### BRIEF
Pictures are not part of the copy. Set down exactly the lines from the one containing "Hotel Saint-Nicolas &" through the last line of the material below.

### RECORDED INFORMATION
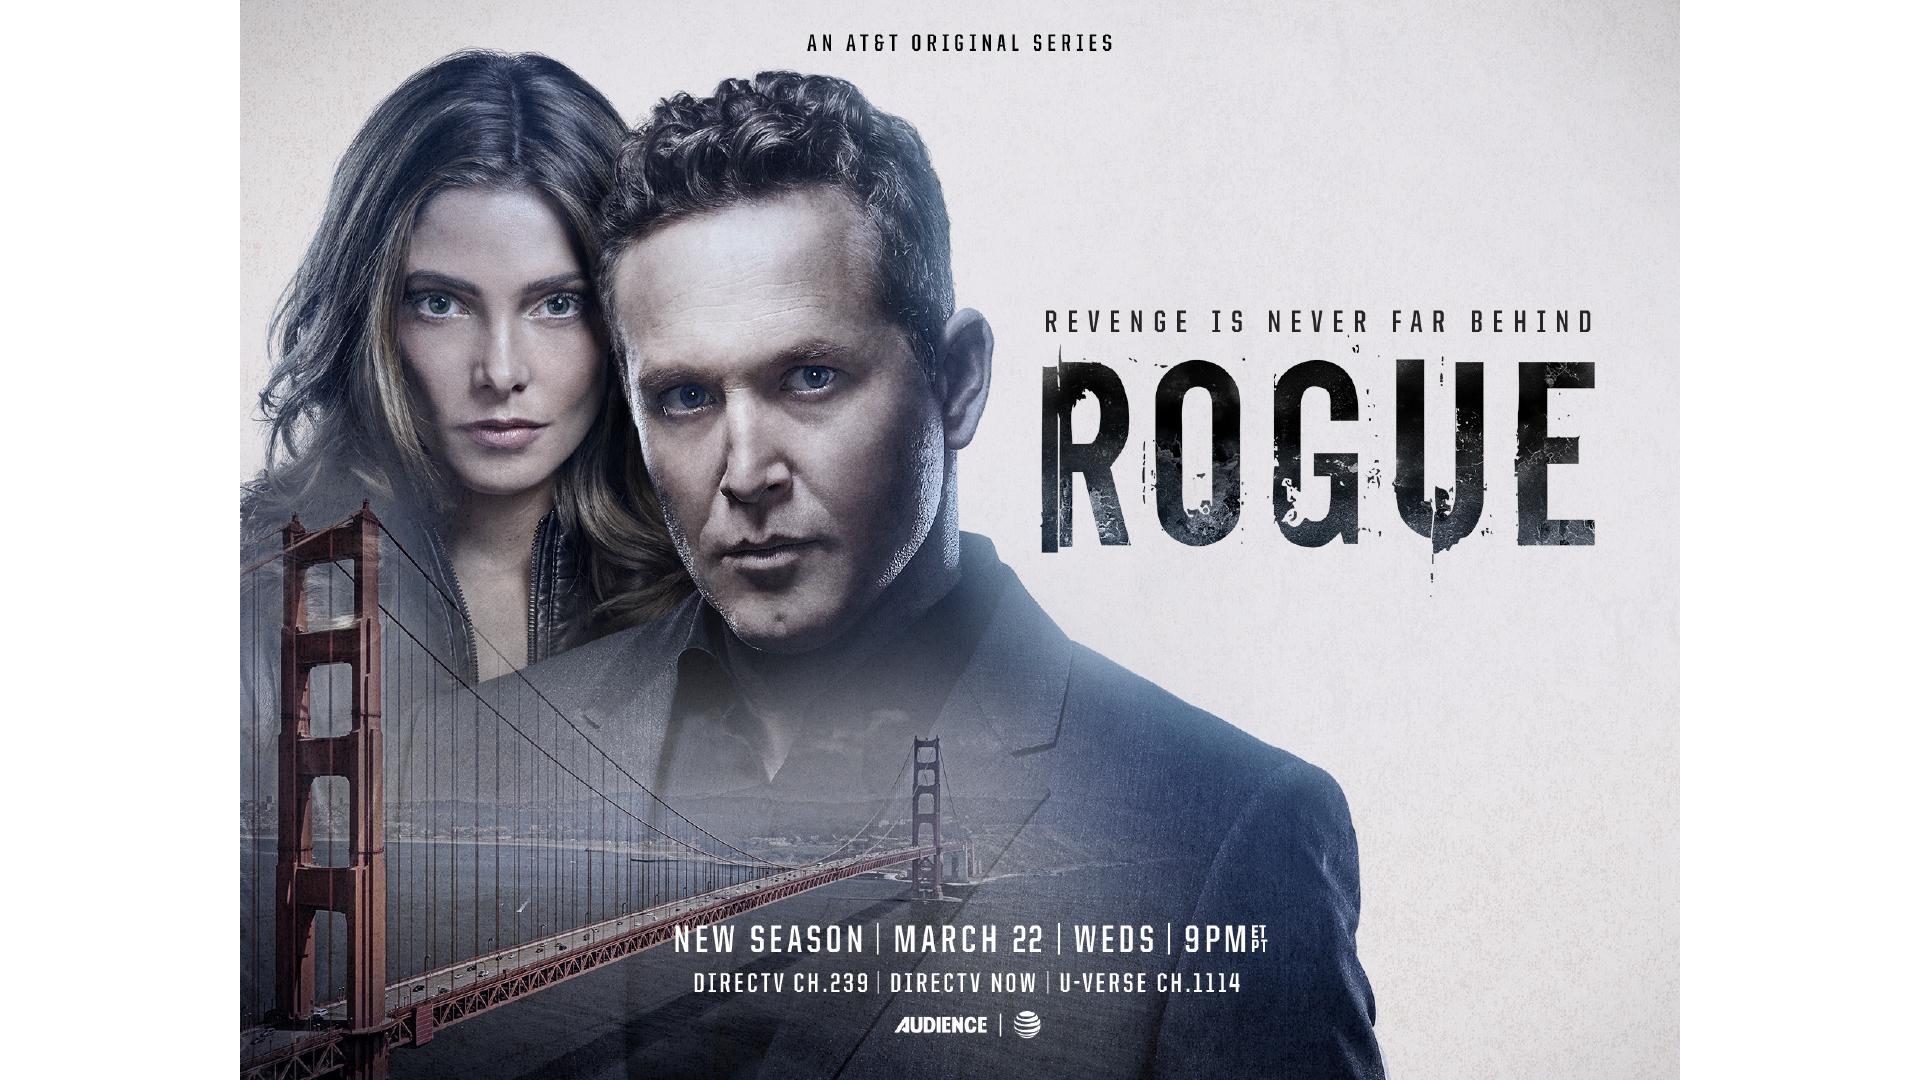 RogueS4_01-3.jpg
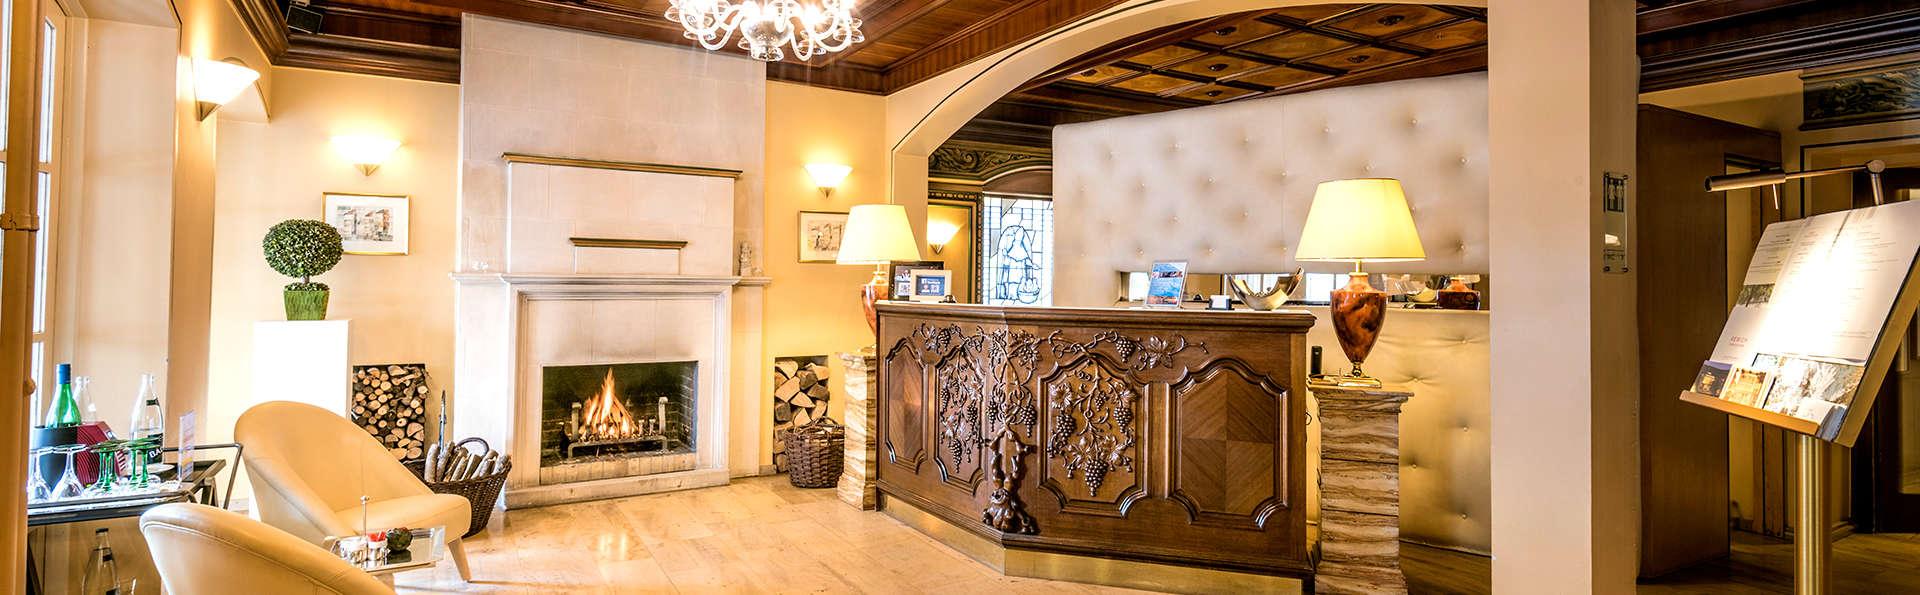 Hotel Saint-Nicolas & Spa - Edit_Reception.jpg
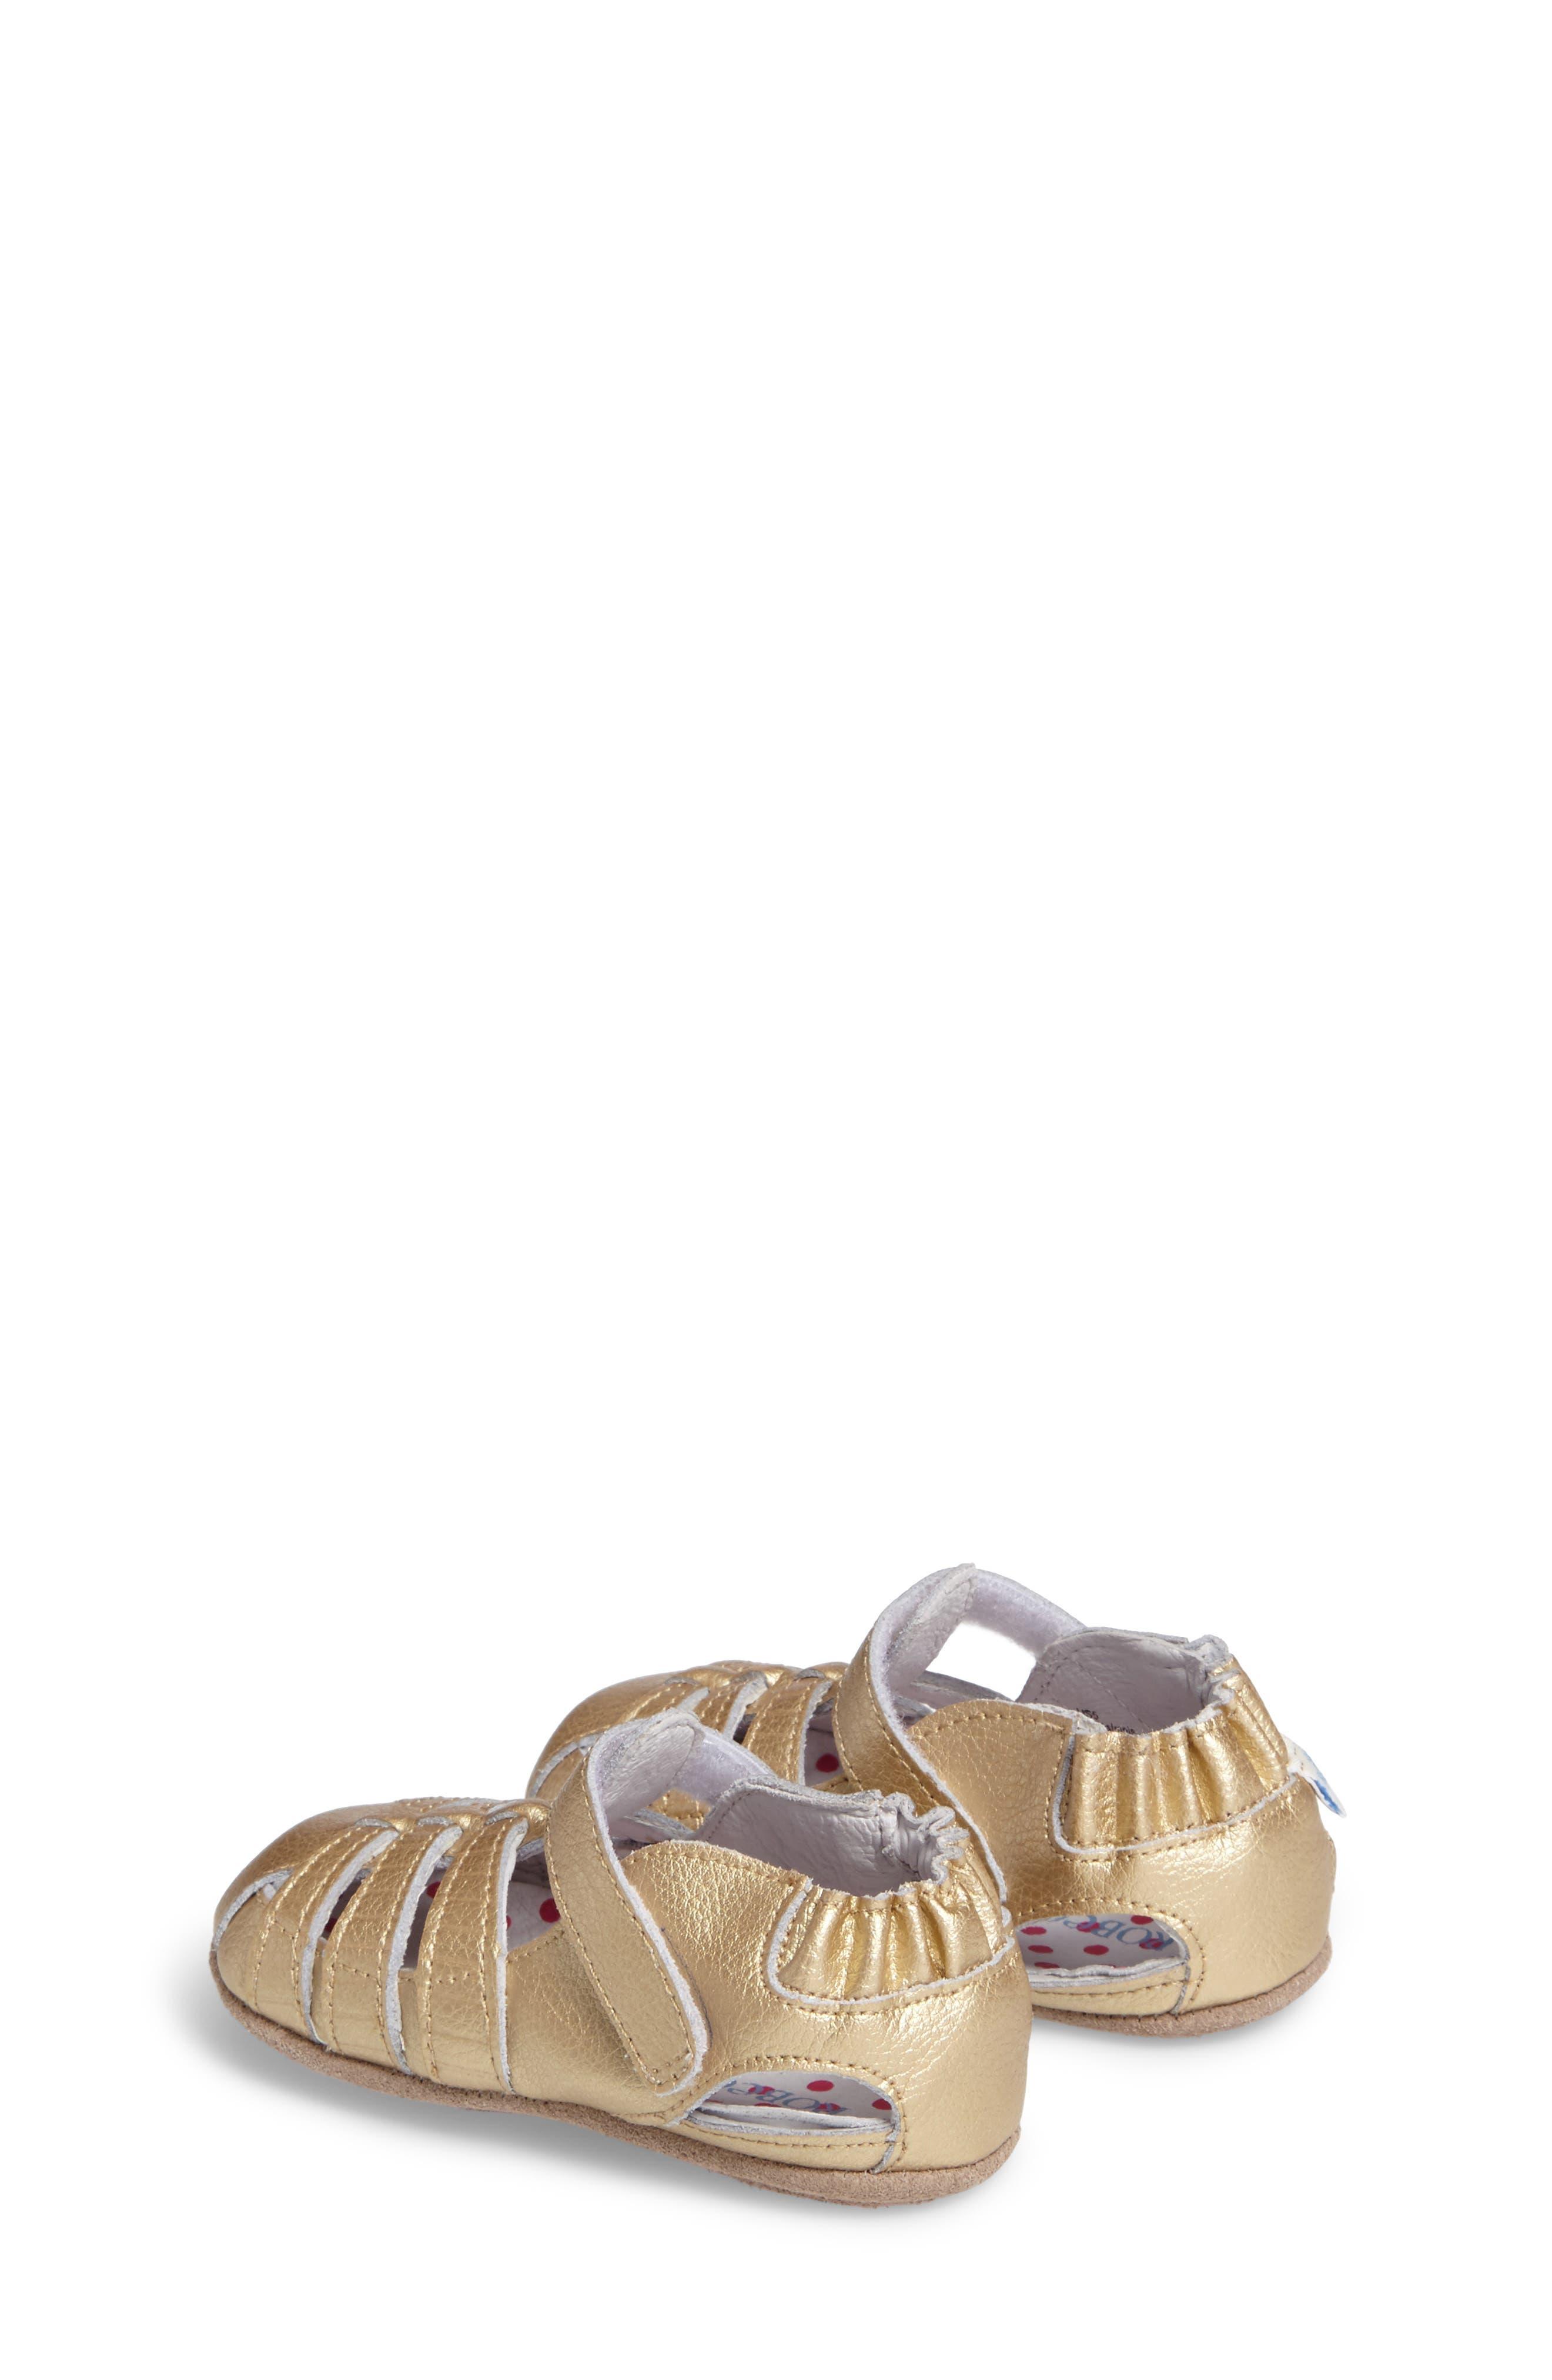 Paris Crib Shoe,                             Alternate thumbnail 2, color,                             GOLD

### RESPONSE
 Hotel Saint-Nicolas & Spa - Edit_Reception.jpg
 Paris Crib Shoe,                             Alternate thumbnail 2, color,                             GOLD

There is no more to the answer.